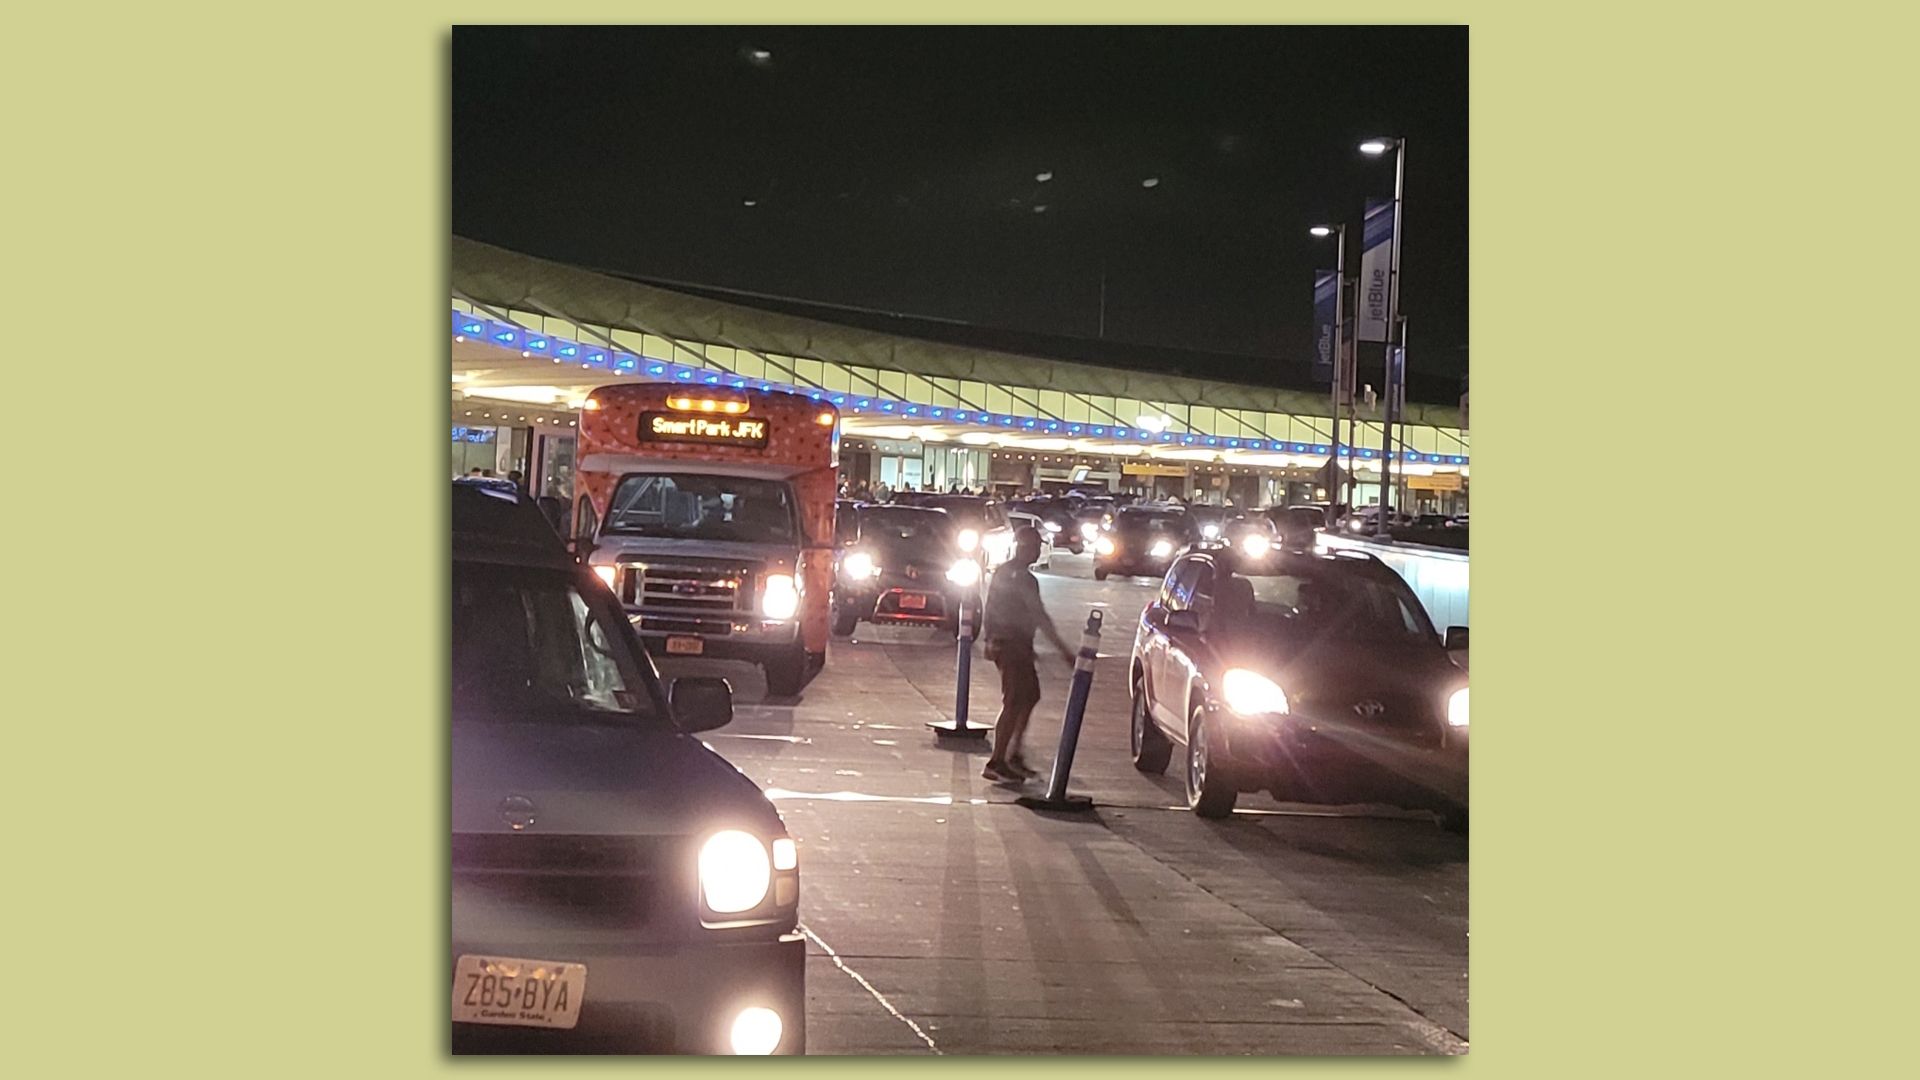 A busy taxi pickup scene at JFK airport in NYC at 4:30 a.m. on a recent weekday.
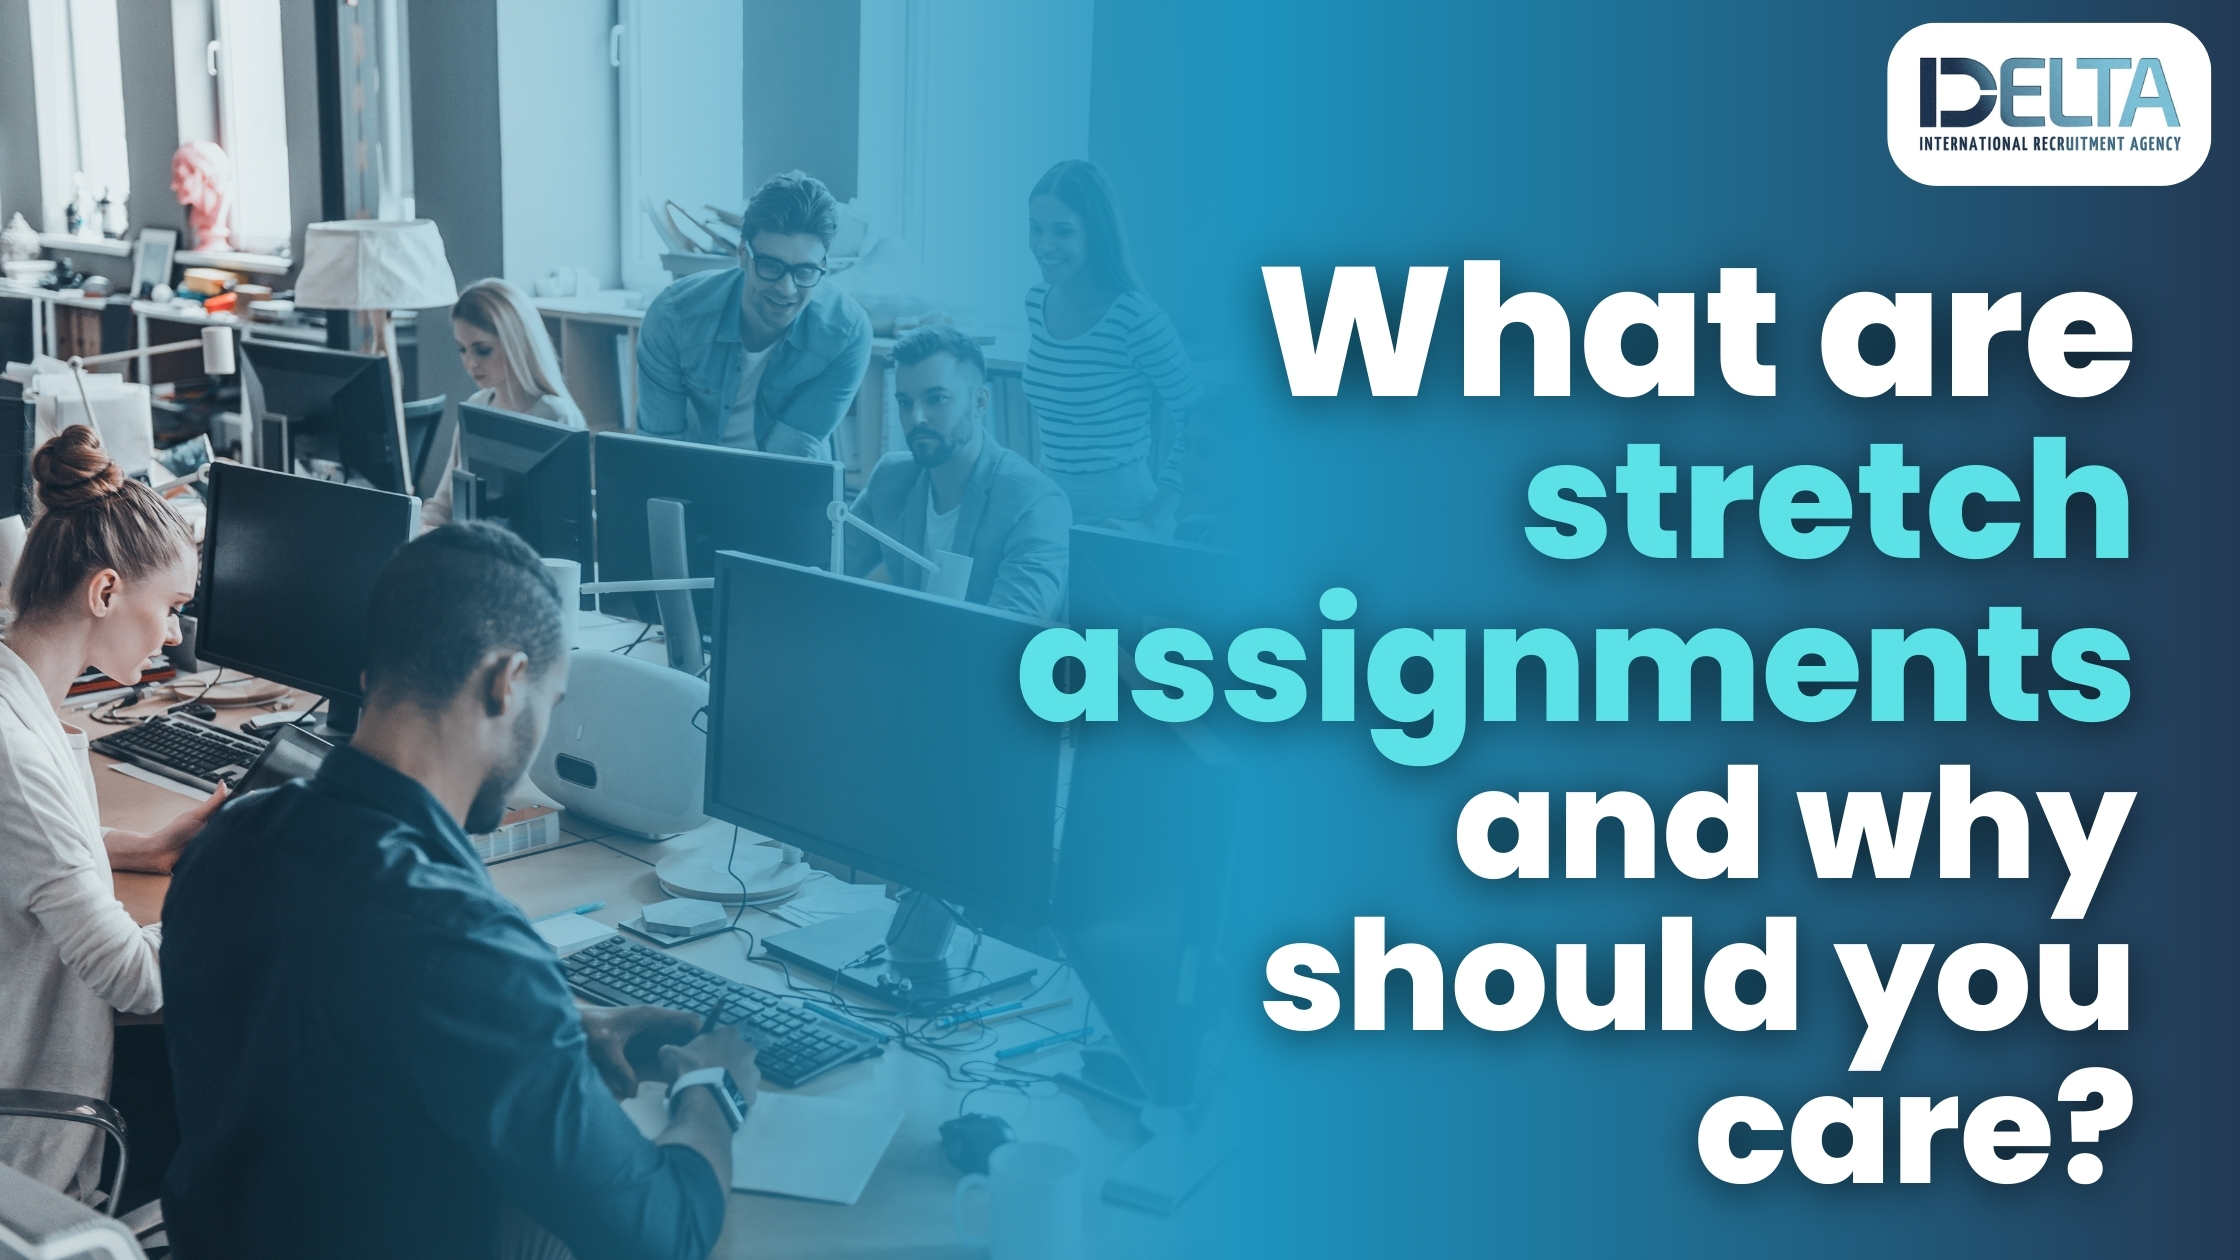 What are stretch assignments and why should you care?
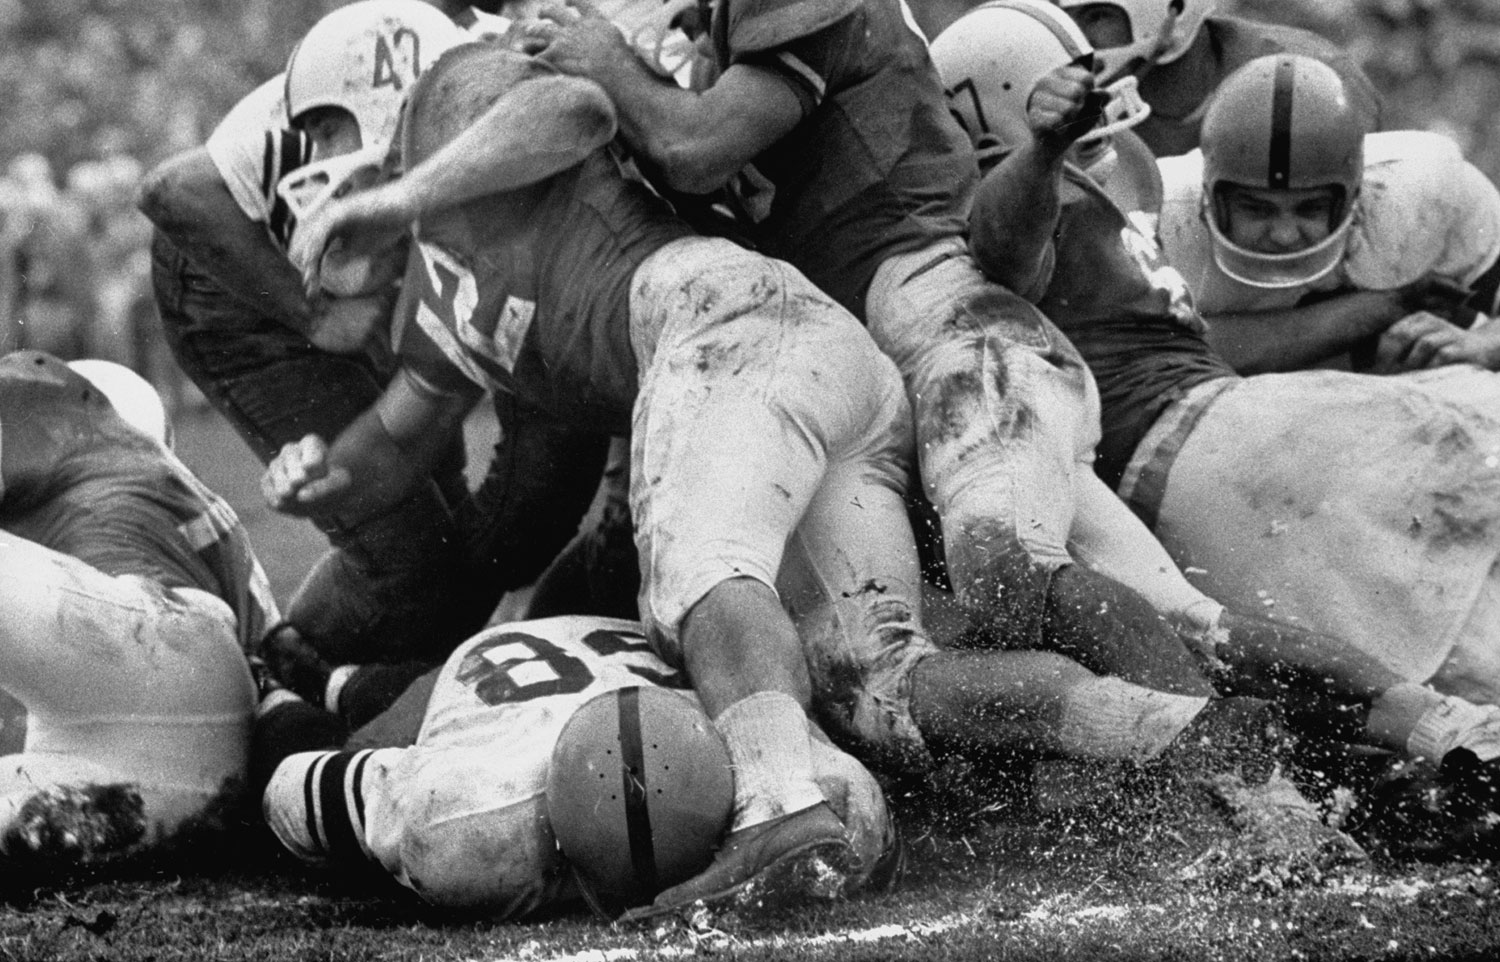 Syracuse vs. Texas, 1960 Cotton Bowl. Syracuse beat Texas 23-14 behind a great performance by Ernie Davis -- the first African American to win the Heisman.
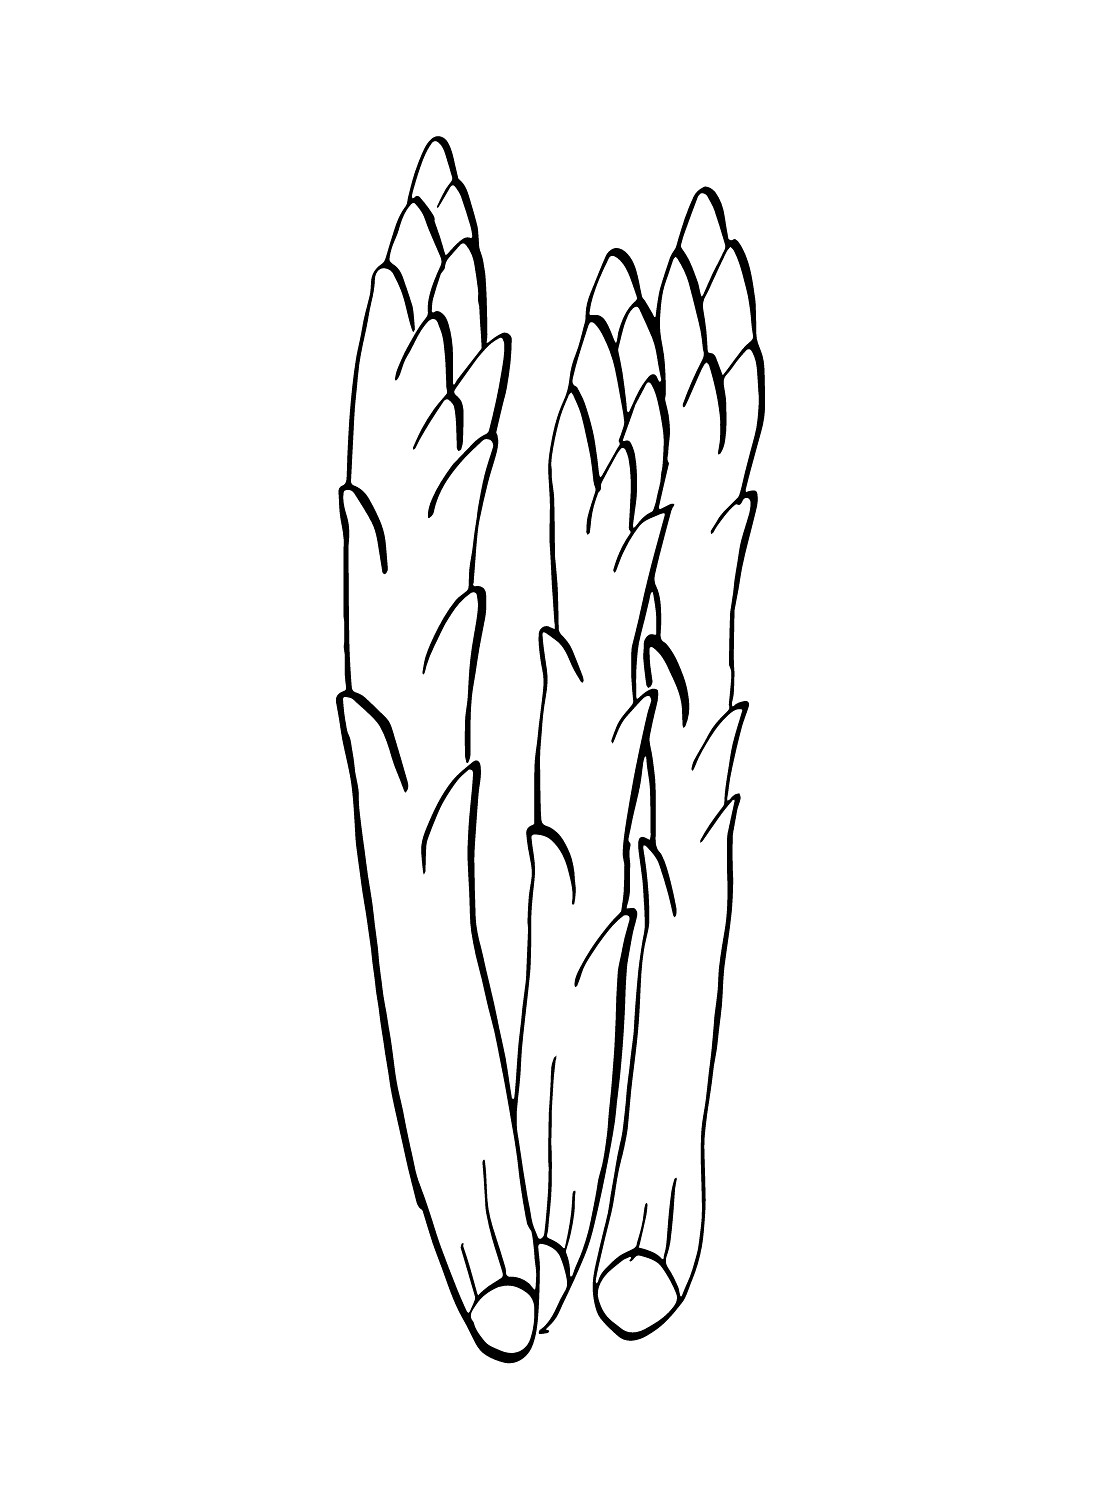 Asparagus Free Printable Coloring Pages - Asparagus Coloring Pages - Coloring  Pages For Kids And Adults

### Problem requirements
What's needed is a word-for-word retyping of the listing, minus its pictures.

### Result for this task
 A busy taxi pickup scene at JFK airport in NYC at 4:30 a.m. on a recent weekday.
 What are stretch assignments and why should you care?
 Syracuse vs. Texas, 1960 Cotton Bowl. Syracuse beat Texas 23-14 behind a great performance by Ernie Davis -- the first African American to win the Heisman.
 Asparagus Free Printable Coloring Pages - Asparagus Coloring Pages - Coloring  Pages For Kids And Adults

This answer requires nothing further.